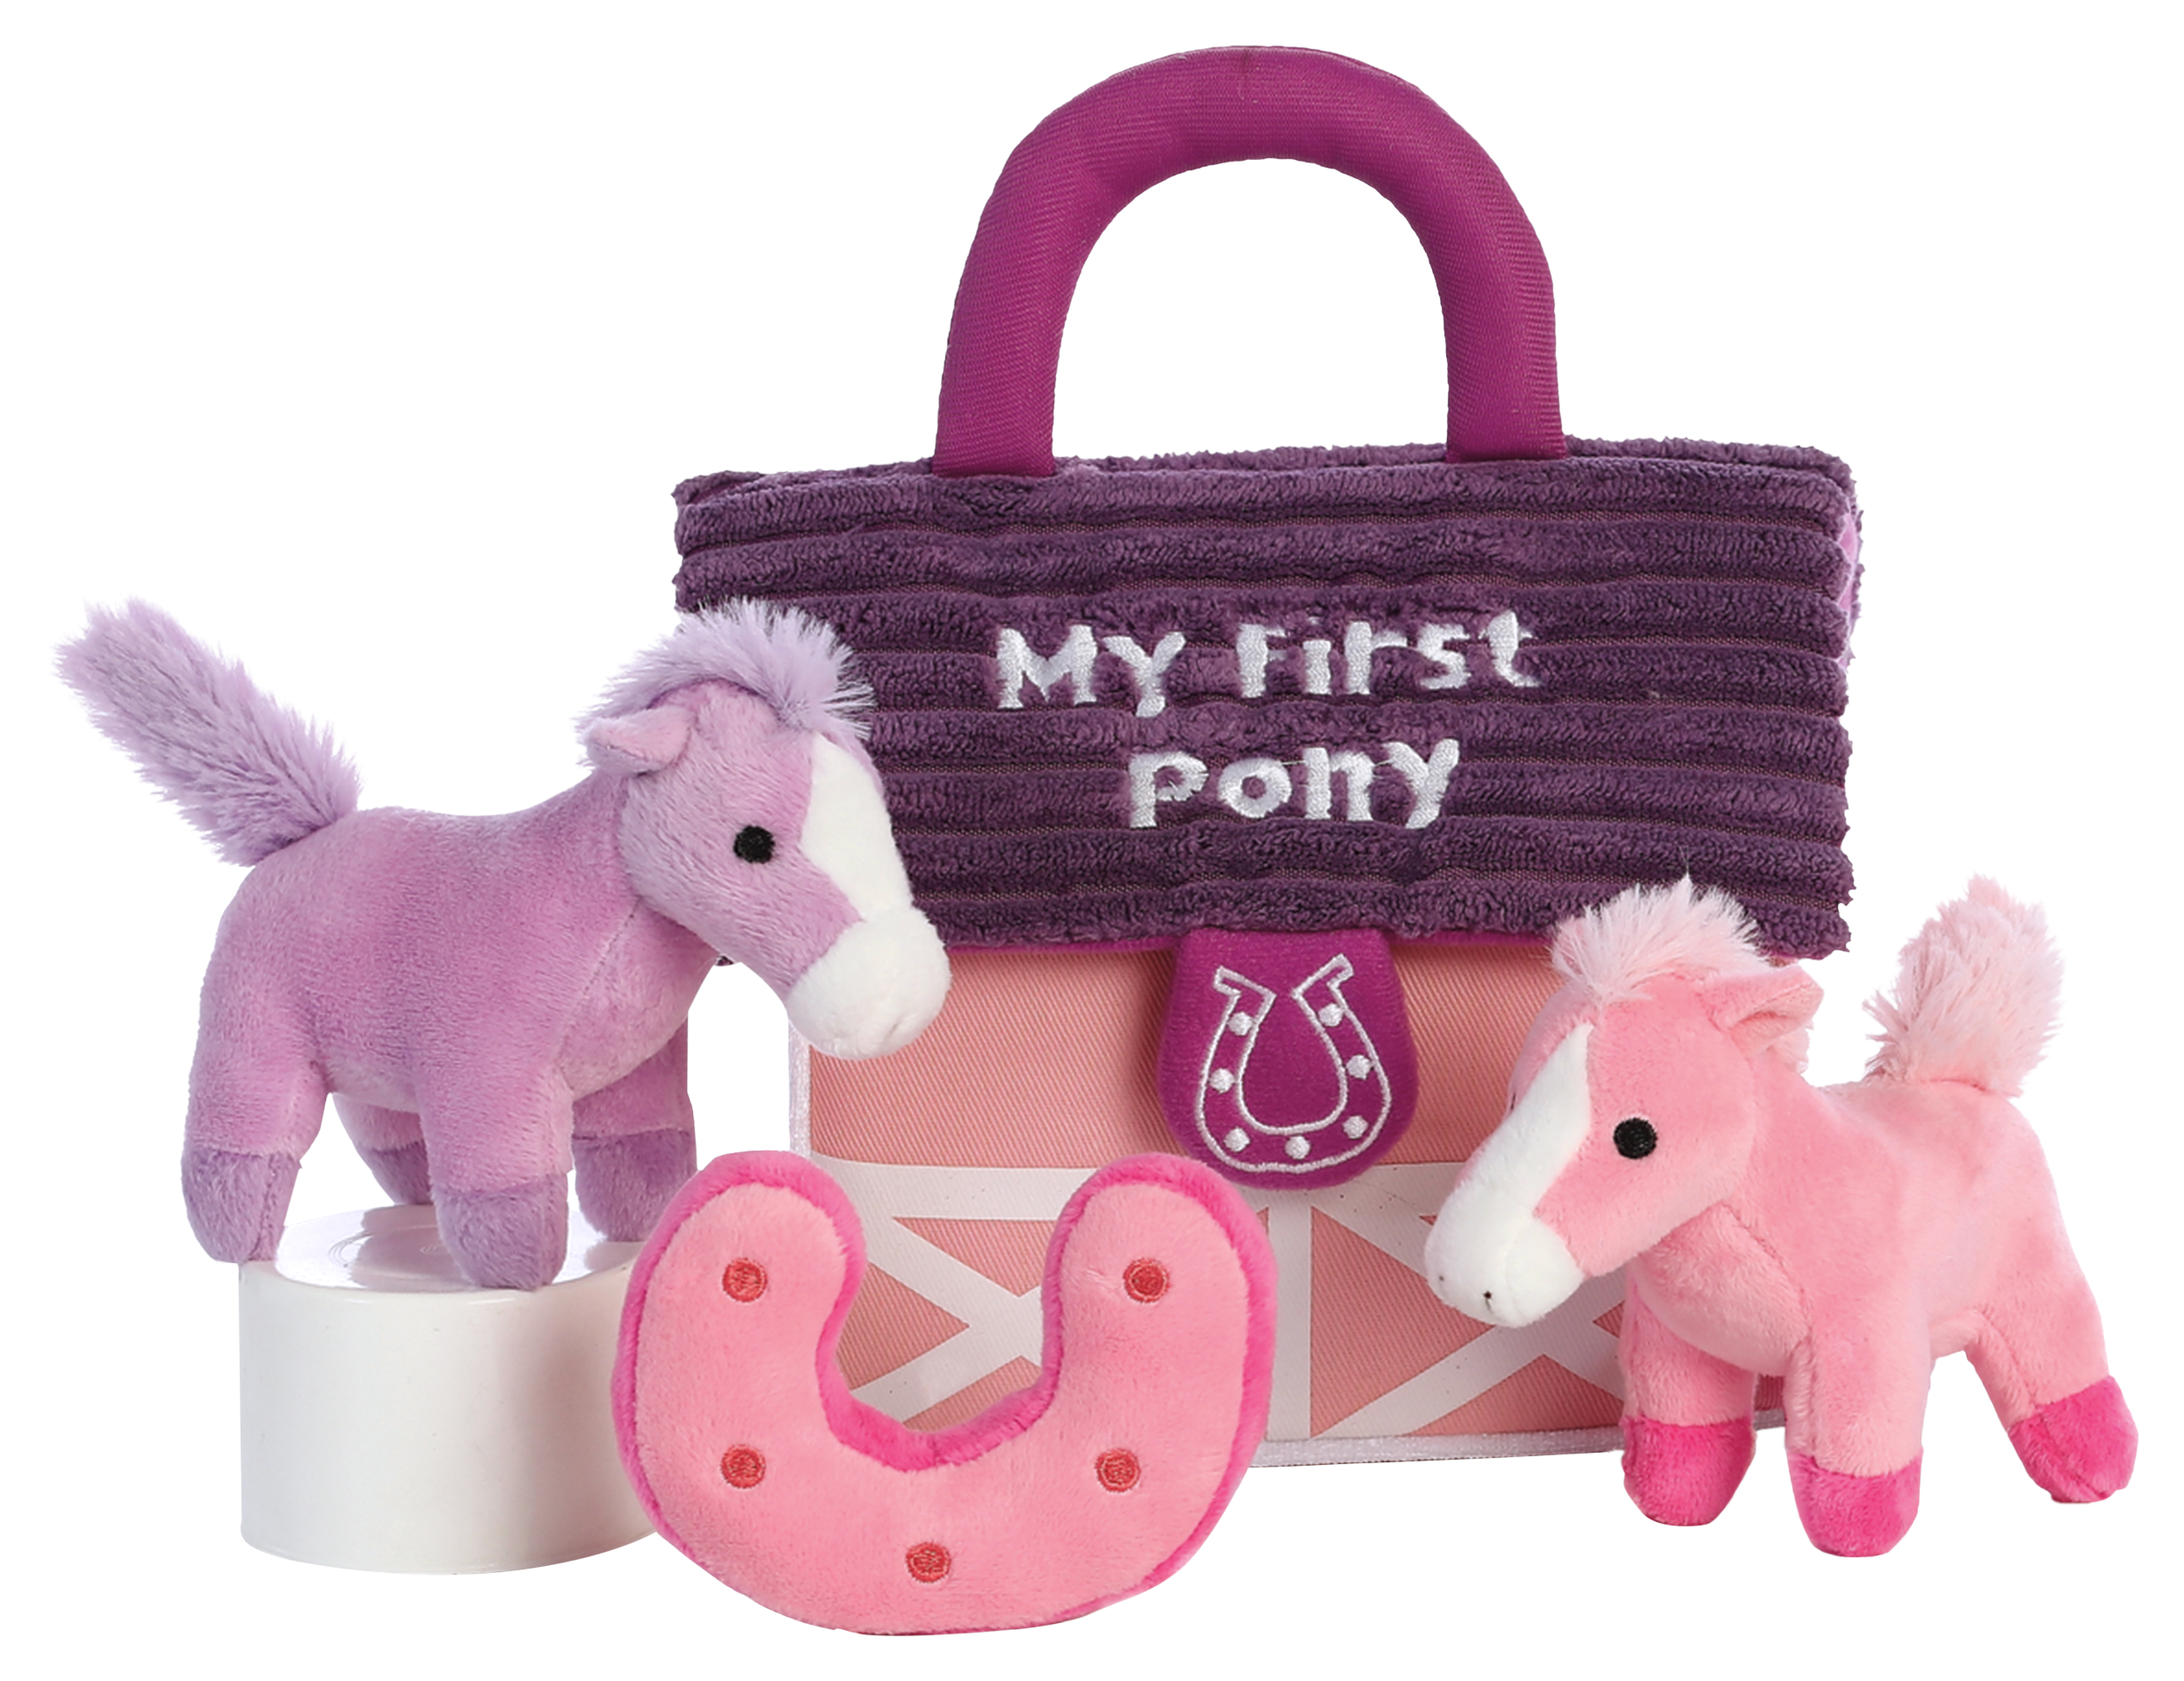 Bass Pro Shops My First Pony Baby Talk Interactive Plush Play Set
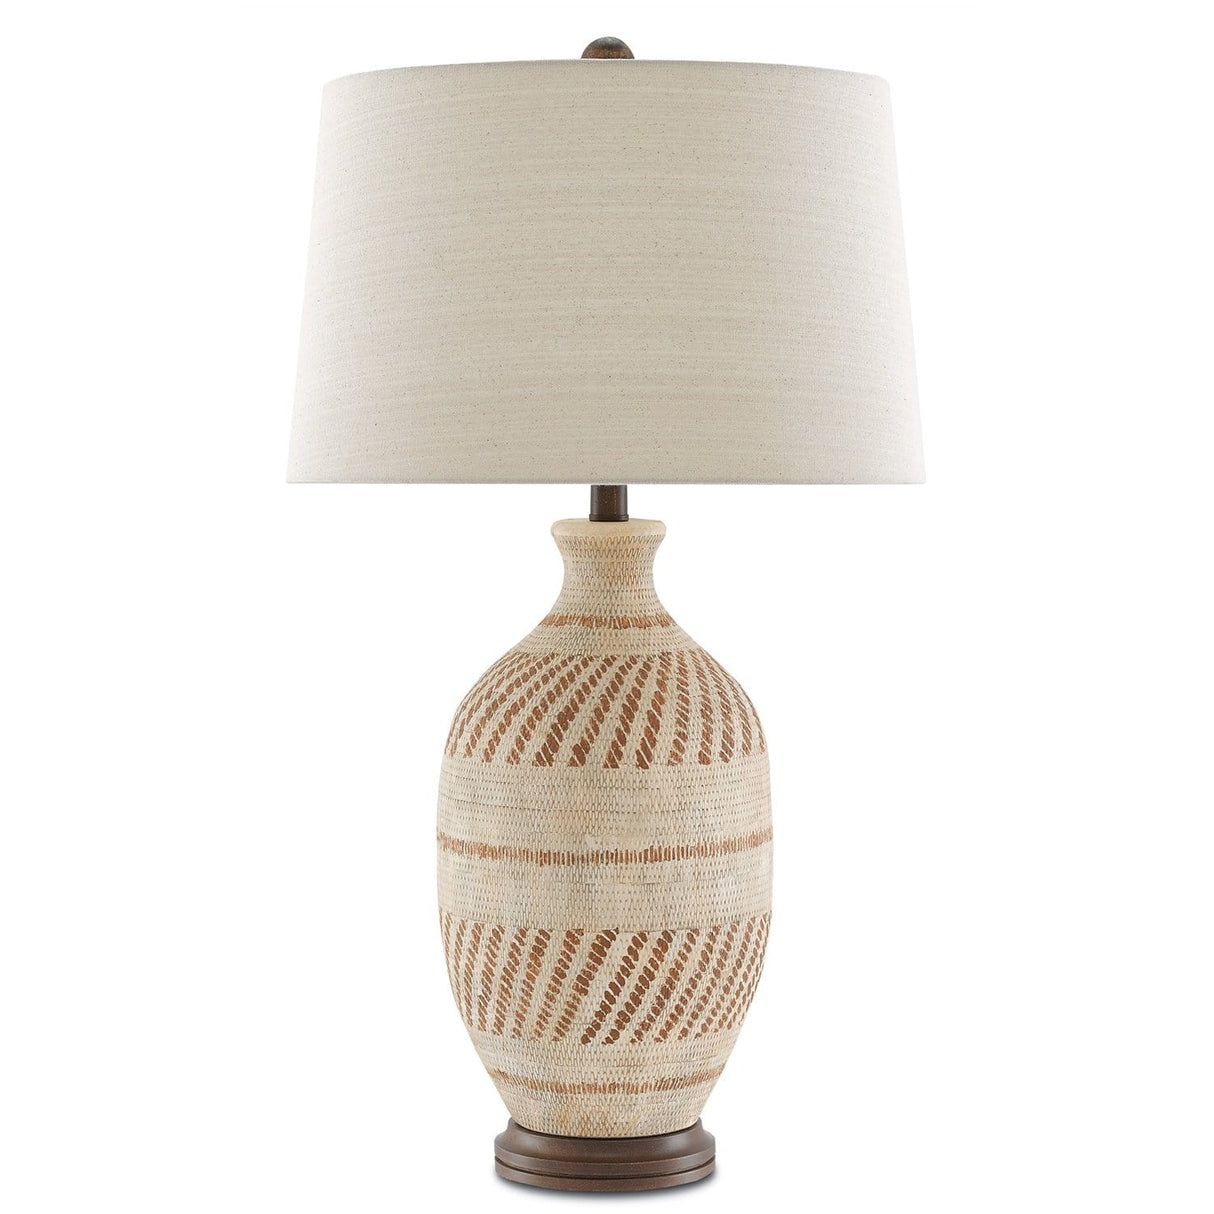 Currey and Company Faiyum Table Lamp Lighting Currey-Co-6000-0088
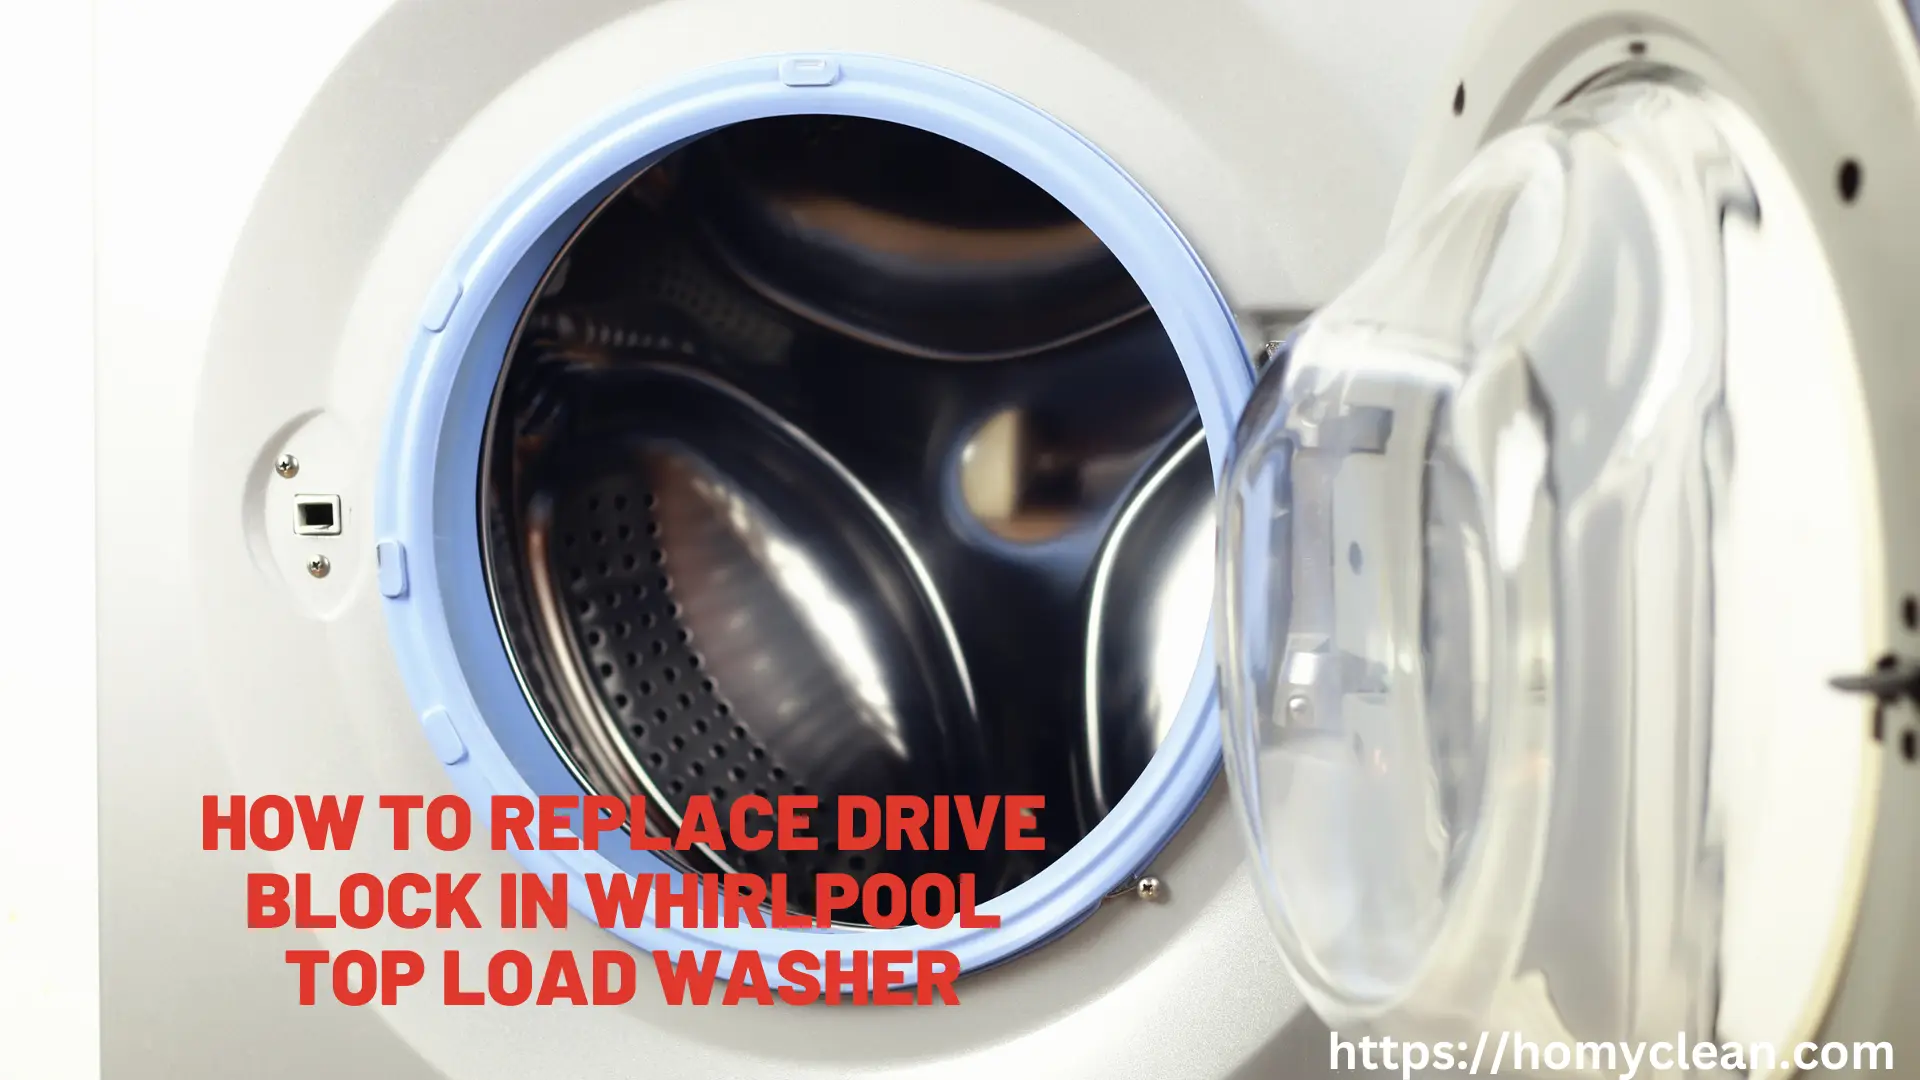 How to Replace Drive Block in Whirlpool Top Load Washer

● **YOUR TASK**
What is needed is an exact repeat of only the lines from the one containing "Currey and Company" through the last line of the listing above, both ends included, without the pictures.

● **RESPONSE AREA**
 Currey and Company Faiyum Table Lamp Lighting Currey-Co-6000-0088
 How to Replace Drive Block in Whirlpool Top Load Washer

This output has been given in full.